Я читал и перечитывал ее строки; в голове моей опять забродили странные мысли, несбыточные картины… И все это было для меня правдоподобно. Теперь я краснею, вспоминая о странном состоянии, в котором находился тогда. Друг! не суди меня строго холодным рассудком, не морщись, читая журнал мой с ледяною важностью мудреца, не сожалей обо мне, как о заблуждающемся мальчике. Мне нужно теперь твое сочувствие, мне необходим в эту минуту ты, с твоею бесконечно-любящею душою!..

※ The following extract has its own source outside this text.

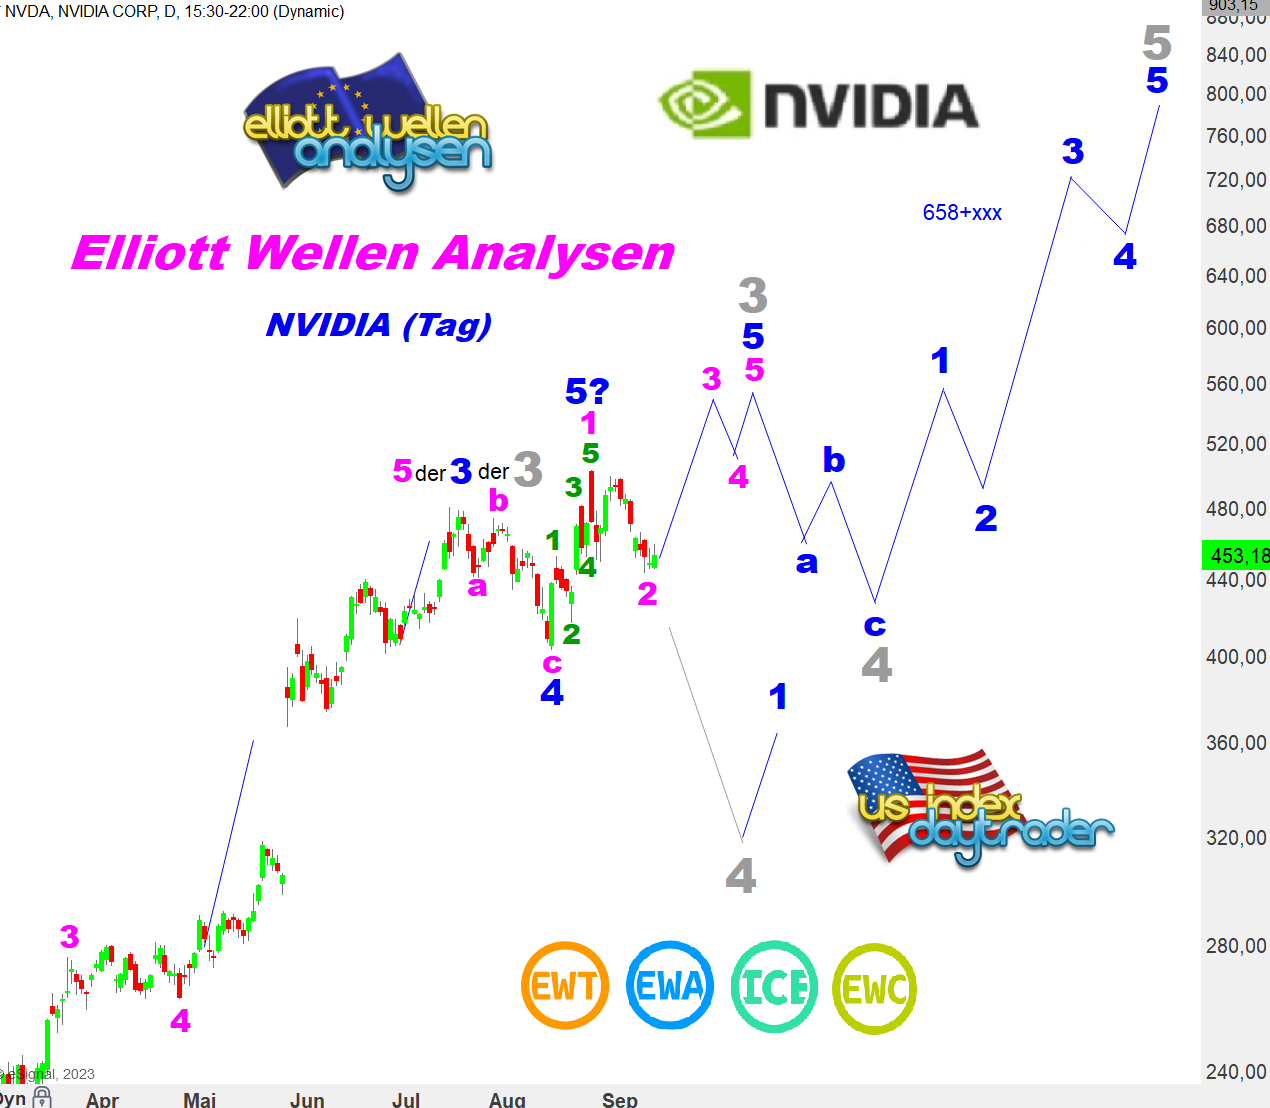 EW-Analyse-NVIDIA-Anspruchsvolles-Muster-André-Tiedje-stock3.com-1

Вдруг вблизи меня кусты зашевелились, я привстал и увидел любимца княжны, Ваню, который за час перед этим принес мне от нее книгу. Он, сбегая по тропинке к реке, нисколько, кажется, не подозревал, чтобы кто-нибудь за ним подсматривал.
Меня удивило, что он так далеко от дома и один. Сбежав подгору, Ваня стал на колени и наклонился к воде, чтобы спустить кораблик, склеенный искусно из картонной бумаги, - свою новую игрушку, которую он показывал мне в восторге накануне… Спущенный на воду кораблик заколыхался и скоро остановился без движения… Ваня стал поправлять его палочкой, но кораблик его не слушался и не двигался с места. Он бросил палочку в воду и лег на песок, облокотясь на руку. Я спустился тихонько вниз и из-за куста смотрел на него. Он лежал серьезно, будто думал о чем-то, не спуская глаз с речной поверхности. Наконец вскочил, поднял камень и с досадою бросил его прямо в середину кораблика - и кораблик вместе с камнем пошел ко дну. Ваня засмеялся, бросил еще камень в воду и хотел бежать на гору, - но я вышел к нему навстречу - и он, удивленный, остановился.
- Ваня, как ты это очутился так далеко от дома? - спросил я его.
- Я ушел тихонько. Маменька все велит мне гулять в палисаднике, а палисадник такой узенький, так скучно. Маменька велит мне спускать мой кораблик в пруде, а пруд зарос травой…
- Зачем же ты утопил свой кораблик?
- А затем, что он стоял на одном месте. Мне хотелось, чтобы он плавал.
- Он не мог плавать, потому что нет ветра…
- Коли не мог плавать, так и не нужно его. Когда вы поедете с княжной кататься по озеру, вы возьмете меня с собой?
- Как с княжной? Отчего же ты думаешь, что я непременно поеду с нею?
- Она вас любит, так вы с нею и поедете.
- Разве она меня любит? Кто тебе сказал?
- Она меня про вас все спрашивает, я ей рассказываю, как у вас бываю. И меня она любит, и про меня все расспрашивает у папеньки.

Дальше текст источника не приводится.